Shannon SmithAlbany Advertiser
Gwen Norman turned 100 on Sunday.
Camera IconGwen Norman turned 100 on Sunday. Credit: Laurie Benson/Picture: Laurie Benson, Laurie Benson Albany Advertiser

Albany celebrated the 100th birthday of one of its most dedicated volunteers, Gwen Norman, on Sunday.

As a volunteer at the City of Albany for 34 years, Mrs Norman and her late husband Gordon tirelessly preserved the region’s history with work towards the Albany History Collection.

The pair were instrumental in creating a searchable card catalogue of Albany’s newspapers, and when the collection came online in the 1990s, it pioneered digital access to archives in the region.

Mrs Norman moved to Albany in 1943 as a sergeant in the Australian Women’s Army Service, and she said preserving the town’s history had been very important to her.

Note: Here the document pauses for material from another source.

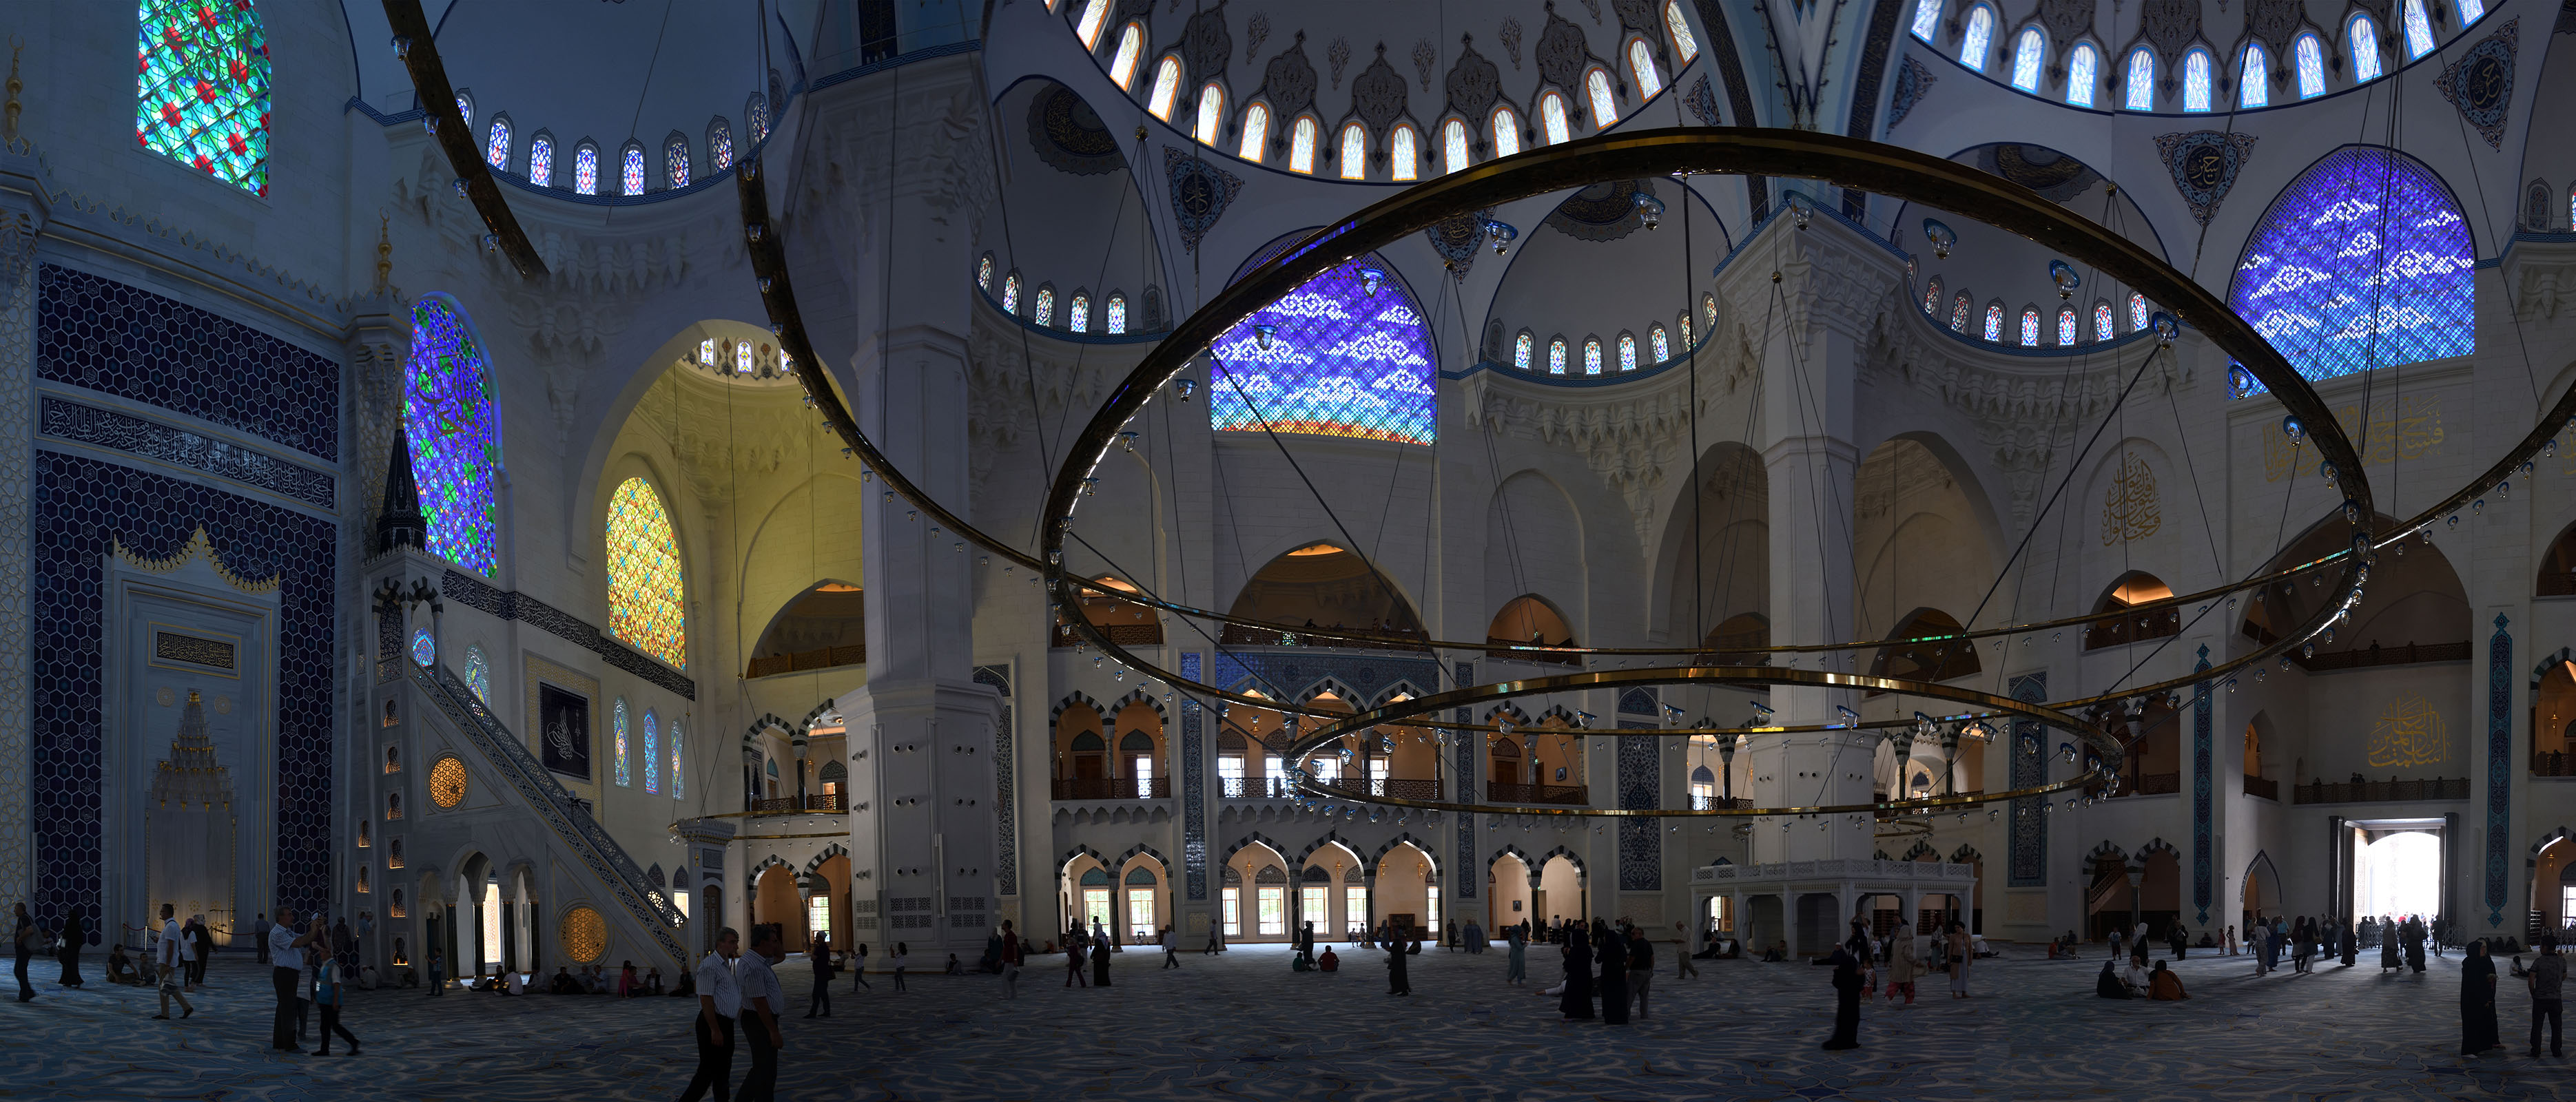 Istanbul big camlica mosque june 2019 1940 panorama 1

“Gordon and I started off reading all the old newspapers right at the very beginning and Gordon used to take the dates and names and events and I would transcribe them onto little cards,” she said. “We stopped that in 1997 and transferred all those cards onto the computer and I took over, “oral typing” the stories of people that had been put onto tapes.

“Now I am transferring archives and reading them and taking in all the dates and information.”

When asked what the best lesson she had learnt over her years, she said patience was the most valuable thing.

“You have to wait for things to happen and not force them on,” she said.

“The best thing that ever happen was being transferred here in the army and meeting Gordon,

“I don’t know what my secret to a long life is but I have always been very active and never turned anything down and taken an interest in everything around me.”

Mrs Norman is the proud parent of two children and has five grandchildren and four great-grandchildren.

She celebrated the milestone with her family.